SpaceX Tourist Flights may start as early as 2021 - ChuckMcM
https://www.washingtonpost.com/lifestyle/kidspost/spacex-tourist-flights-into-space-may-start-in-2021/2020/02/19/40a1db92-5280-11ea-9e47-59804be1dcfb_story.html
======
ChuckMcM
I expected this, it's basically a quick way to add revenue from re-usable
boosters and Crew Dragon capsules. I will be curious to hear what the price
ends up being, they price an F9 launch at $62M [1] where the person buying the
launch supplies the payload. If they charge $70M (adding $8M for the use of
Crew Dragon) then they would need $10M per passenger to launch at "list"
price.

They also say you don't need a "pro" pilot on board since everything is
automated but I'd hate to be on one of these where something breaks and the
tower has to "talk you down" :-). All in all its going to be really
interesting over the next decade to see how this plays out.

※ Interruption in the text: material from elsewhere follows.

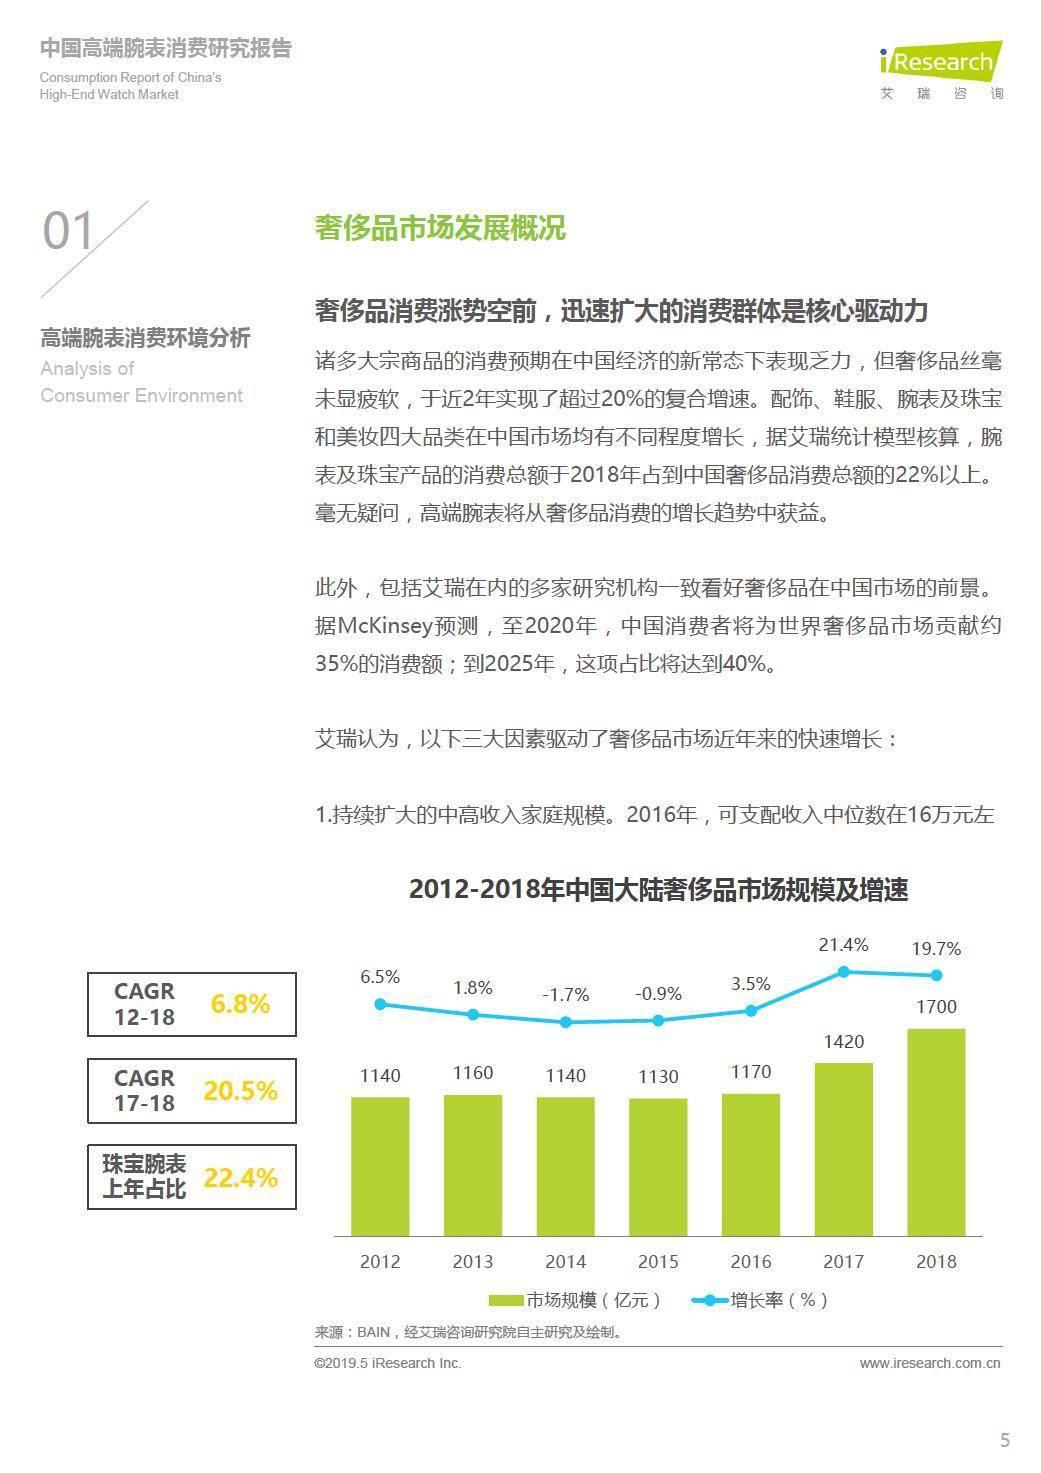 艾瑞咨询:2019年中国高端腕表消费研究报告

The Bigelow deal was in 2012[2] which was only 8 years ago. I'm guessing they
are ahead of that timeline, but maybe not.

[1]
[https://www.spacex.com/about/capabilities](https://www.spacex.com/about/capabilities)

[2] [https://arstechnica.com/science/2012/05/spacex-announces-
dea...](https://arstechnica.com/science/2012/05/spacex-announces-deal-to-
shuttle-tourists-to-private-space-stations/)

------
WheelsAtLarge
I predict that when it happens, and it will happen, it will be at least 2
years later than the 2021 date. I don't have any special knowledge but I know
that Musk is over-optimistic most of the time.

------
specialbat
So the rich can burn all the carbon they can afford?